The introduction of the disposable scleratome into the procedure in 2012 overcame these disadvantages.

The instrument that docks to the Oculock fixation device is lightweight and ergonomically designed, being easy to handle and is delivered sterile and pre-assembled. The surgical time is decreased and the procedure easier and safer, according to Dr. Soloway.

The implant originally was a one-piece device from 2000 to 2006 that was pushed into place and was difficult to thread through the tunnel. The implant first had a uniform width, but research over the long term showed these implants had a tendency to slip out of the tunnel, resulting in a return to the subjects’ preoperative near vision.

In 2007, a redesign of the Refocus Scleral implant improved its stability in the eye by keeping it from shifting.

Each implant-which is the size of a grain of rice and constructed of polymethyl methacrylate-now has two interlocking parts: a split leg piece and a male head locking insert and is pulled into place by a shuttle and tubing. The shuttle threads through the tunnel and the tubing maintains a minimal cross section width until the implant clears the tunnel. The insert is locked into place (Figures 3 and 4).

Both ends of the implant are wider than the tunnel, which prevents slippage out of the tunnel.

Transforming suturing

Various suture methods have been used from 1998 to 2012 in the US clinical trials. However, these caused a foreign body sensation and reduced tear film stability.

A fibrin tissue sealant was introduced in 2010 that is currently used only internationally.

“This sealant has resulted in increased patient comfort, improved cosmesis, and improved tear film stability,” Dr. Soloway said.

“This procedure is much easier to perform in 2013 compared with previous years,” he said. “The advancements of the techniques have led to continued successful results seen in a FDA investigational device exemption clinical study and in international studies.”

Early data from the ongoing IDE FDA pivotal study presented in October at the European Society of Cataract and Refractive Surgeons in Amsterdam, showed that the percentage of binocular eyes achieving 20/40, or better vision at 24-months follow-up to be 97%, with an average increase of 3 lines of near acuity, Dr. Soloway said.

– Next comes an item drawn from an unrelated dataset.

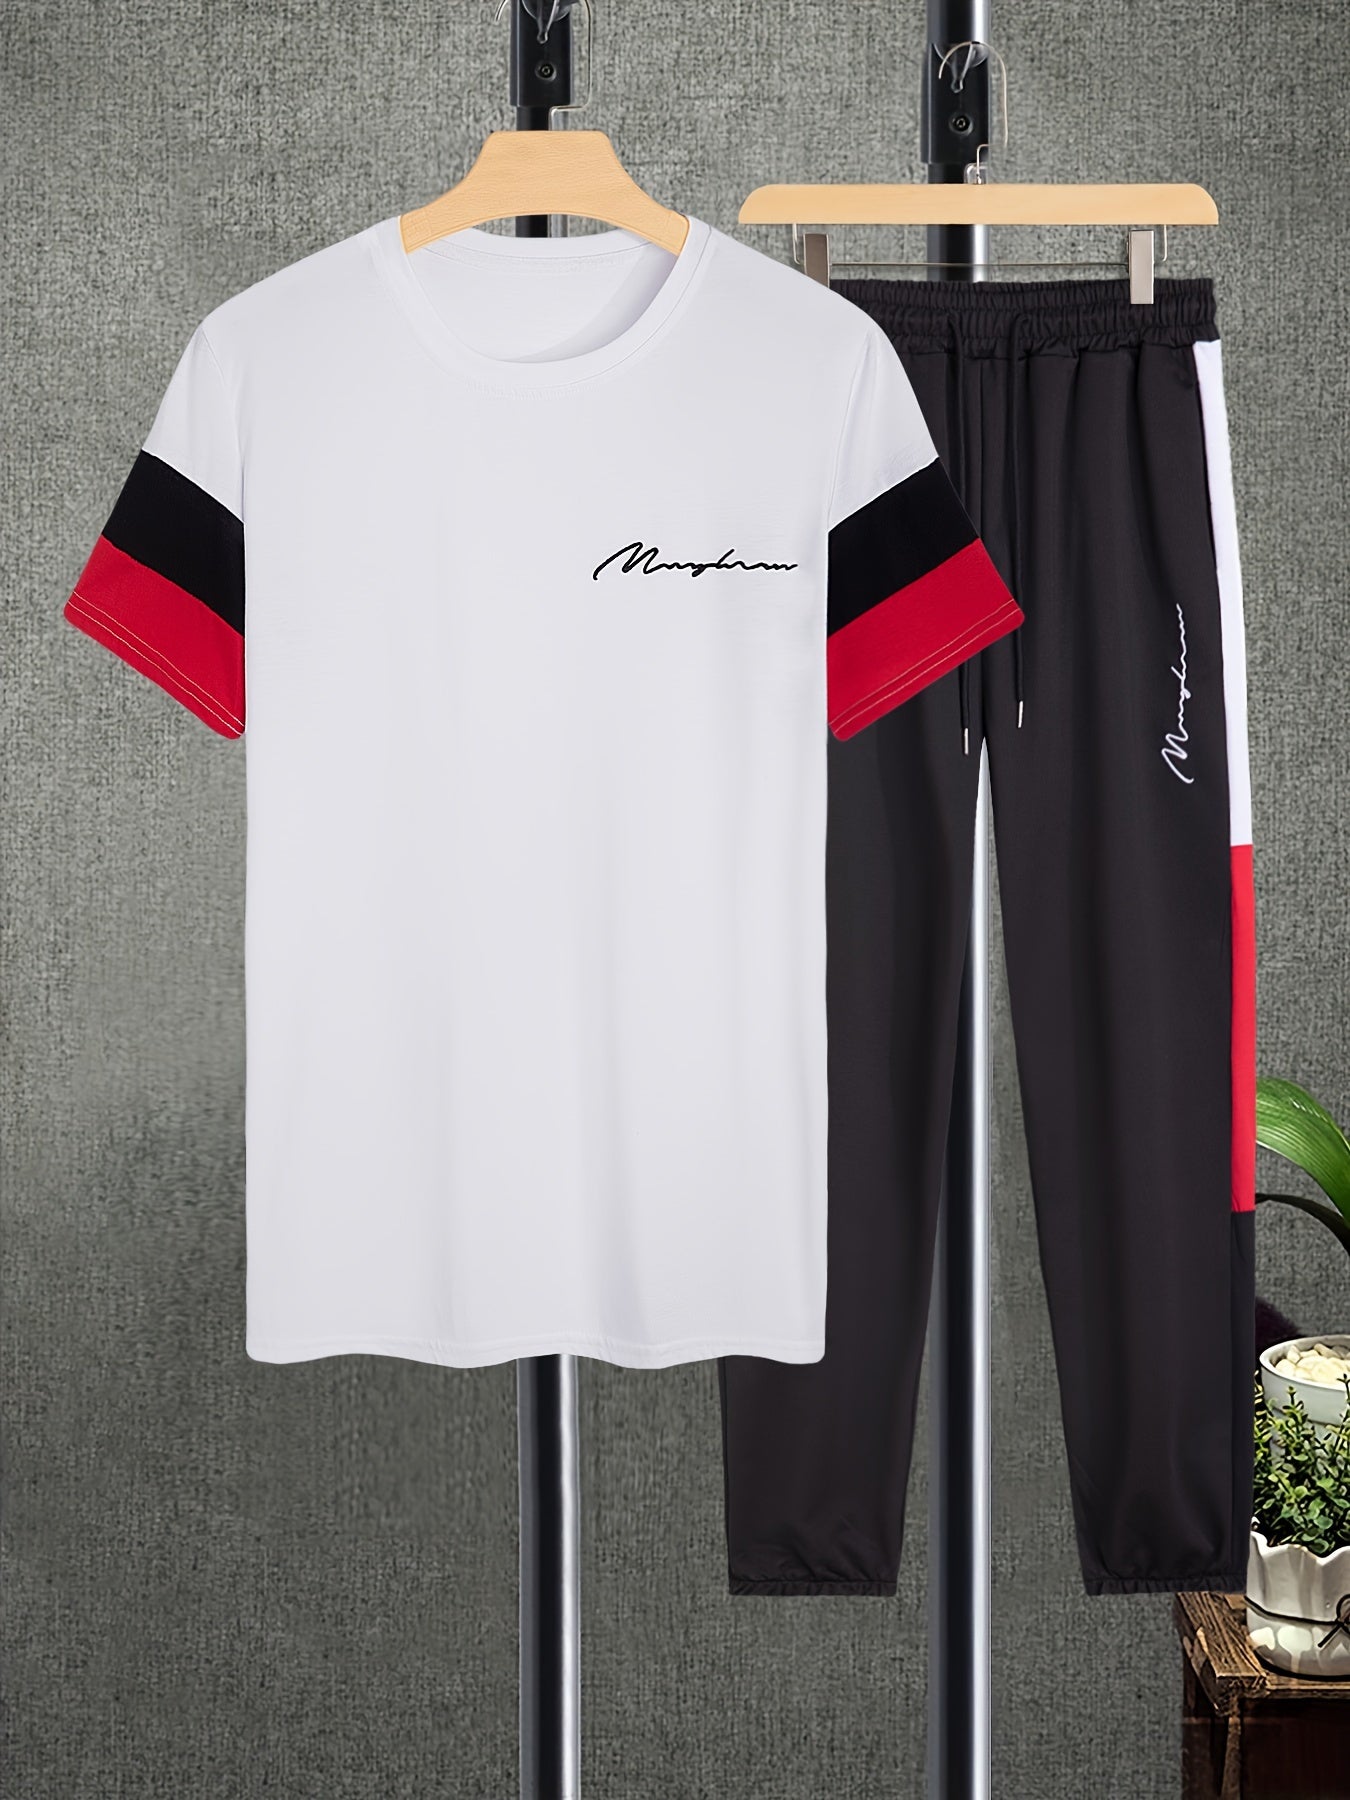 Men's Colorblock Casual T-shirt Outfit Set, 2 Pieces Round Neck Short Sleeve Tees And Drawstring Long Pants

“The procedure has truly evolved,” he said, “surgical time has been decreased significantly, results have improved, we have consistent outcomes, and much happier patients.”


Barrie Soloway, MD

E: bds@ihateglasses.com

Dr. Soloway receives consulting and travel fees from Refocus Group Inc. This device and surgery is CE marked and available in Europe and elsewhere through Refocus Ocular BV, The Netherlands. The device is under FDA IDE in the United States with an earlier surgical procedure through Refocus Group Inc., Dallas.